What else? I rarely go a day without technically working, but for the most part I'm coasting along deciding where to focus a plurality of my available energy. My mom is hoping to make it to Colorado this fall (she was scheduled to arrive in April ). I'm not going to Europe this year, but I did make it to Wyoming recently. I spent a few days up there with a friend who's an environmental scientist with an energy company installing a gigantic wind-turbine farm up there, and I got some nice pictures out of it. It's clear why no one wants to live in the parts if Wyoming I explored -- a breathtaking environment doesn't compensate for an unbelievable amount of wind. But I got to do some real four-wheeling in an F-250 (a change from my everyday douche-wagon) and Rosie was allowed to come to help count prairie-dog holes, and it was actually a blast.
My everyday interactions with randos have become more quietly fraught despite my own rosy disposition, because like everyone else, I'm tired of people not interpreting suddenly imposed rules and norms precisely the way I do.
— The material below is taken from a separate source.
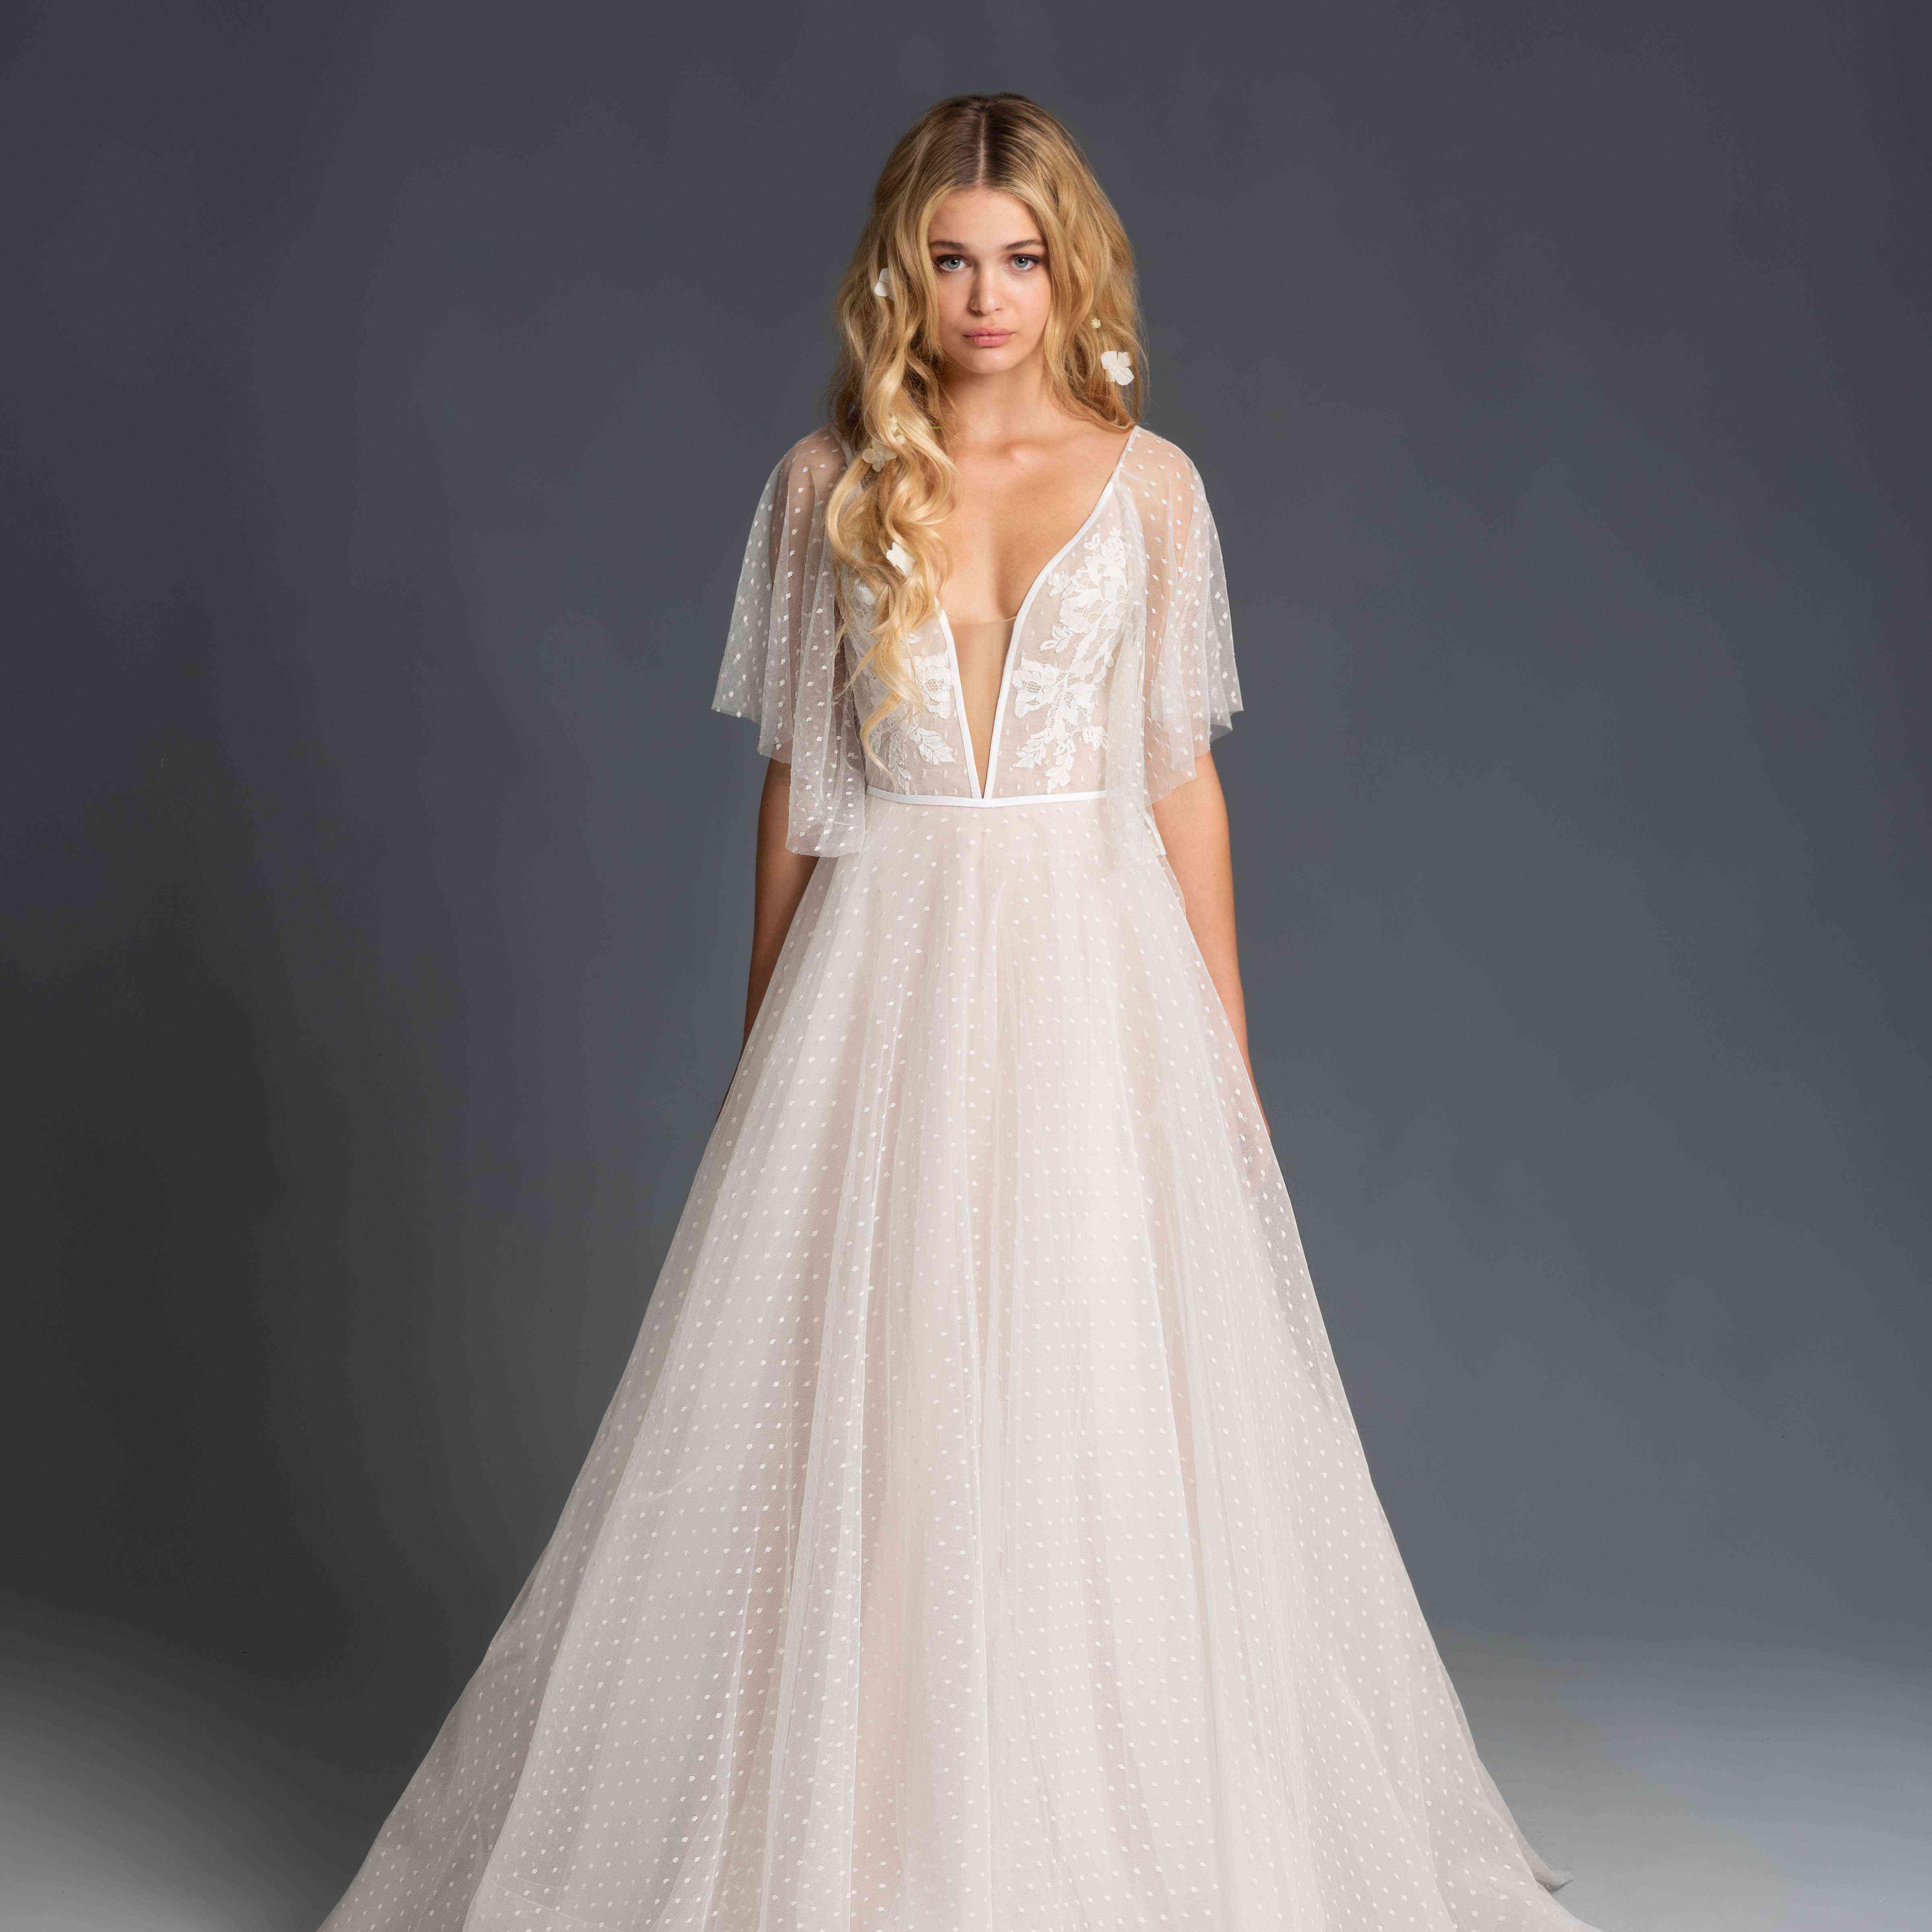 Model in flutter sleeve wedding dress

A certain low but non-negligible fraction of people, most of them well past their nominal expiration dates as biological entities, are convinced that they can be corona-fied by a jogger from 50' away no matter which way the jogger's face-pores are turned, as if heads can disperse viruses in an expanding sphere, like omnidirectional radio-wave beacons. Between the heat -- and even 75 is warm for a dog with a dark coat -- and the crowds on the paths near me, I've started doing my substantial run of the day at about 8:30 or 9:00. I don't think I've missed a day this year, though I'm not sure; I know I run every day that it's possible because it improves my life, and I'm pretty sure it's been possible for the past 200-plus days. I haven't run for even an hour at a time since Christ was in diapers, though, and frankly am having a hard time wondering why anyone would.
Since March, I've become a part of two joint writing projects that may go nowhere but give me something to do and give me a sense of goal-orientation, which I seem to require despite having no identifiable long-term goals and understanding that there is nothing wrong with this.
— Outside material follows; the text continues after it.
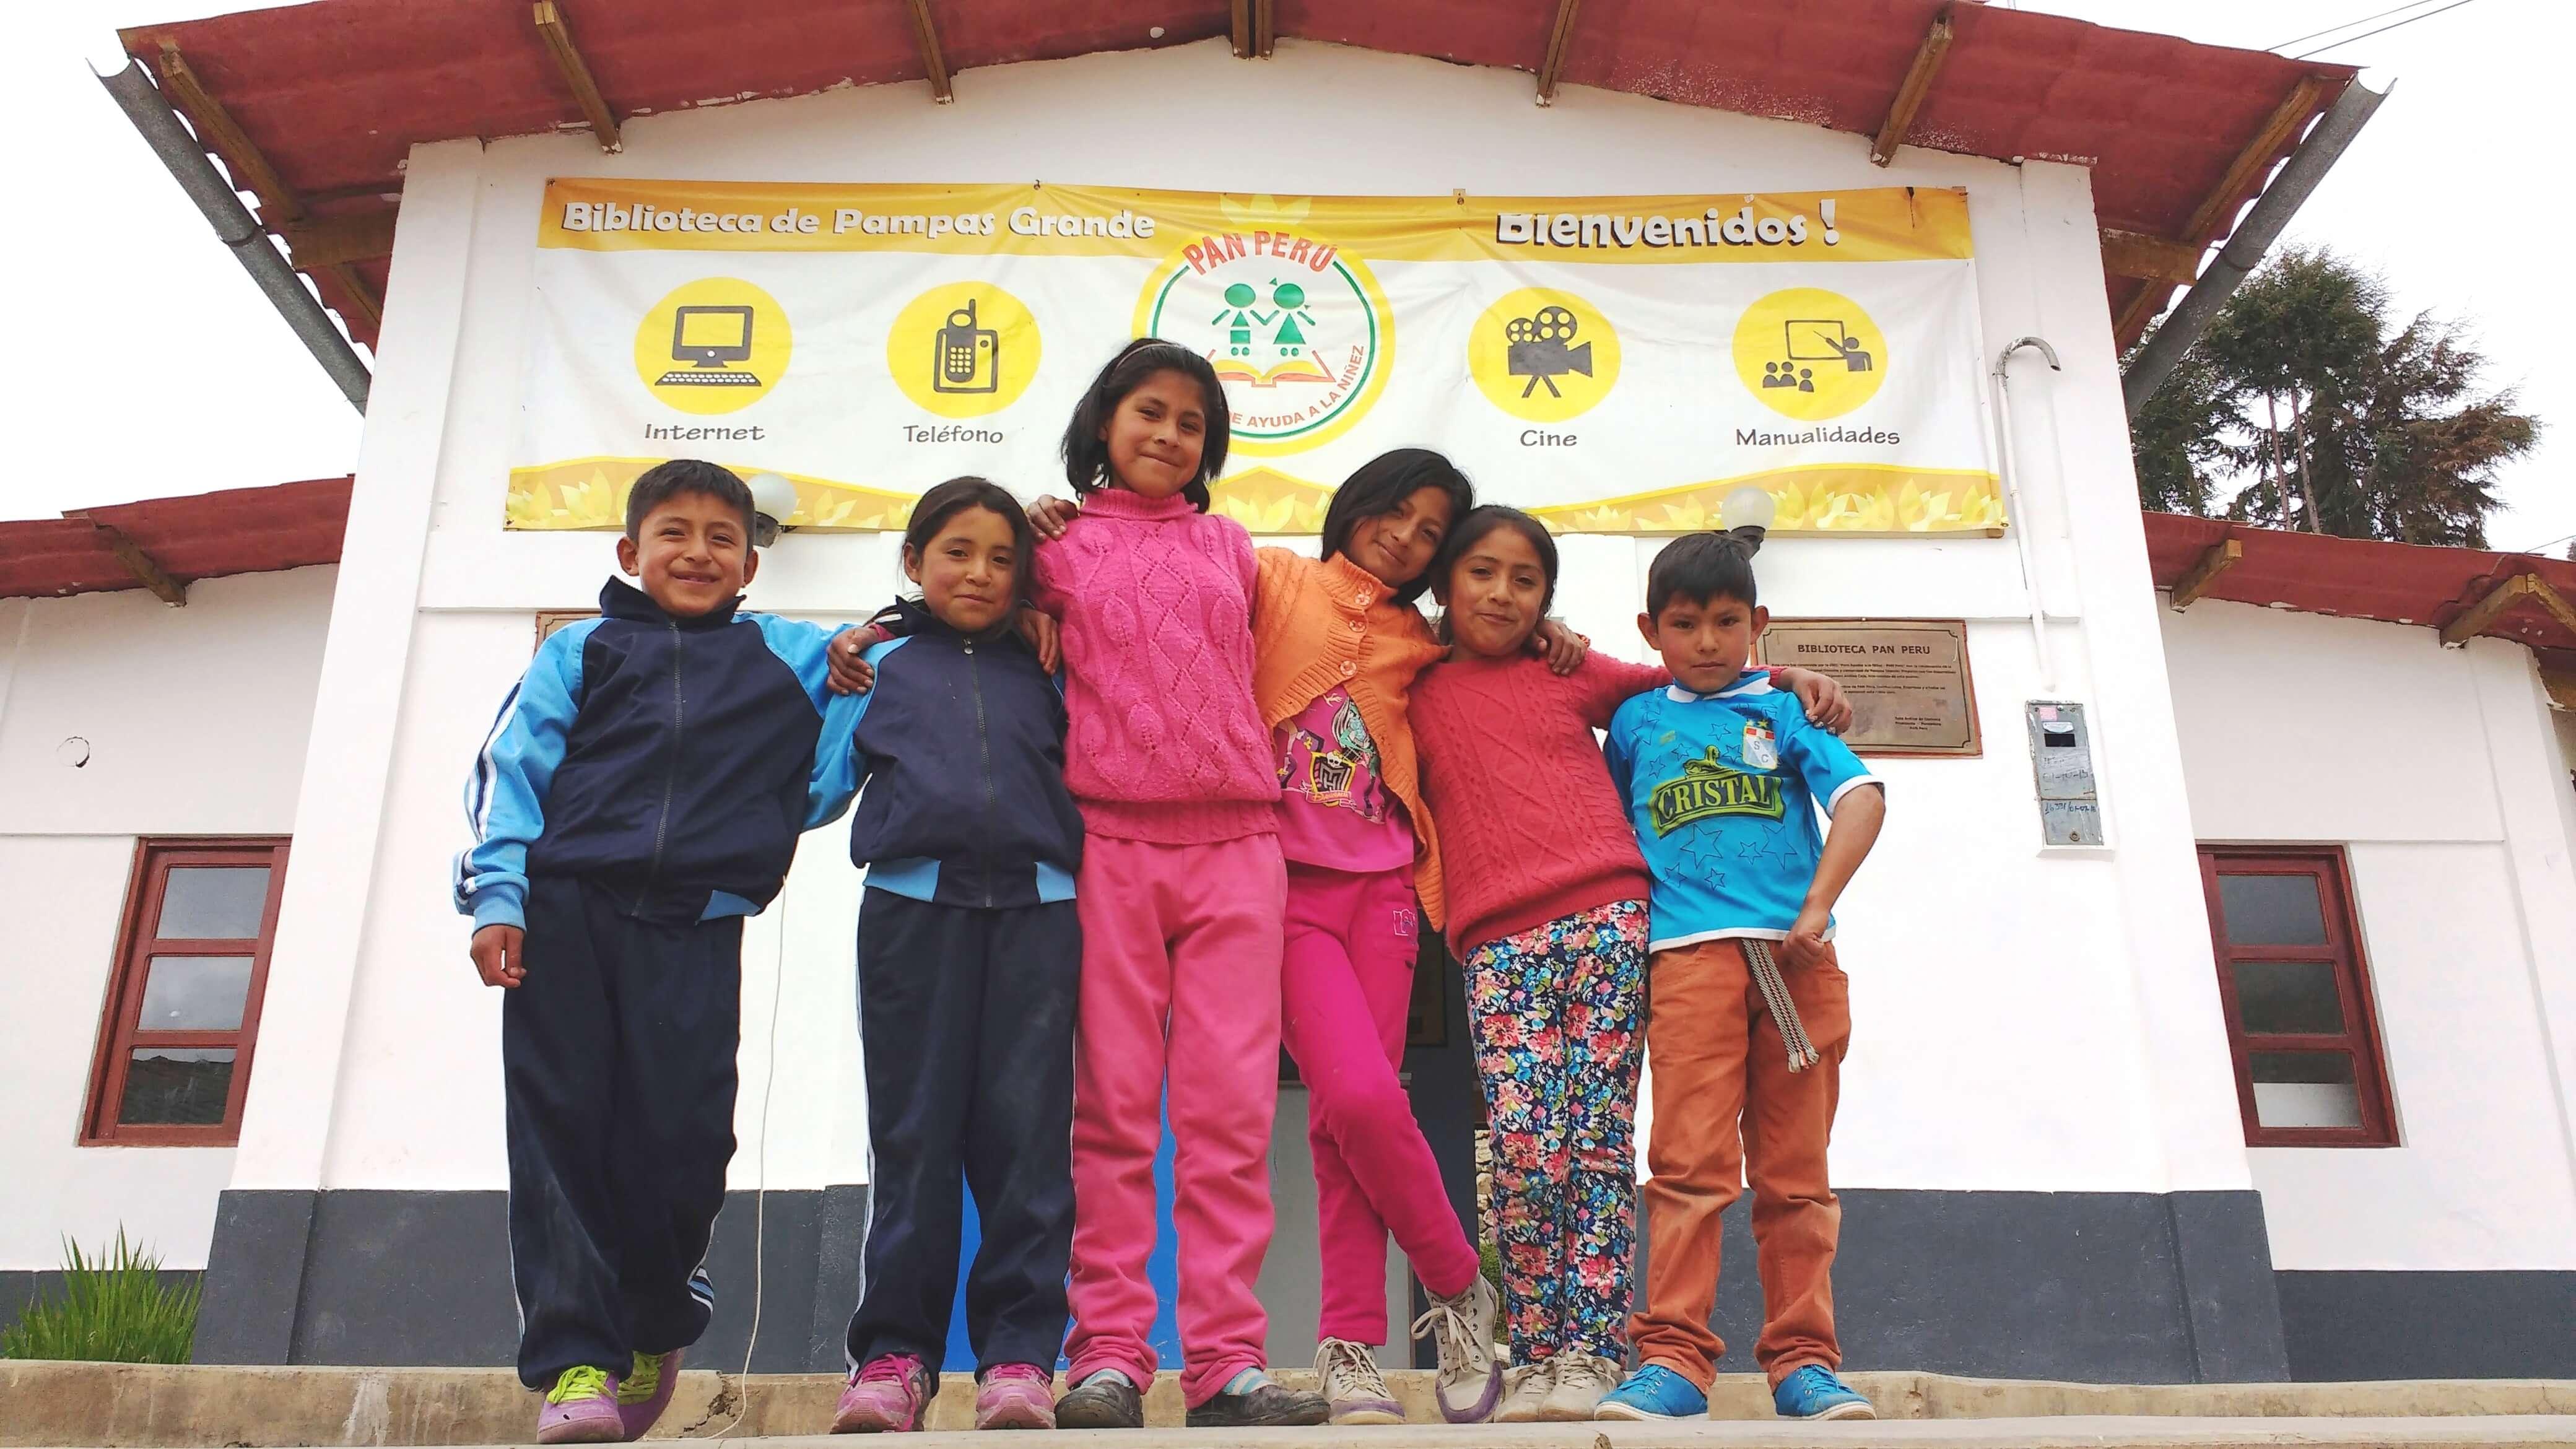 Rural Entrepreneur: The legacy of my Peruvian grandfather

You can see from these end-notes that nothing in my life, including my inner monologues, is interesting enough to justify writing about. I'm not even moved to describe my nonexistent sex crimes and acts of vandalism in the park up the street anymore, especially now that people are actually doing that stuff and I might wind up accidentally confessing to a genuine crime. Part of this shift is the result of discussing emotionally resonant issues, good and bad, with my friends more often than I did pre-covid, and by "discussing" I mean forming and expelling words using my face, not my fingers. This leaves even less reason than usual to involve any of you feckless fart-sniffers in my psychodramas. But if you must, imagine a middle-aged jogger with a cute dog whose lifestyle resembles that of a widower on Ritalin, and who sees more or less the same scenery every mostly sunny day. You probably knew someone like this when you were a teenager and wondered why he still bothered, aghast at the prospect of becoming one of those shambling, knock-kneed goofballs yourself in a few decades. It's actually more fun that he lets on.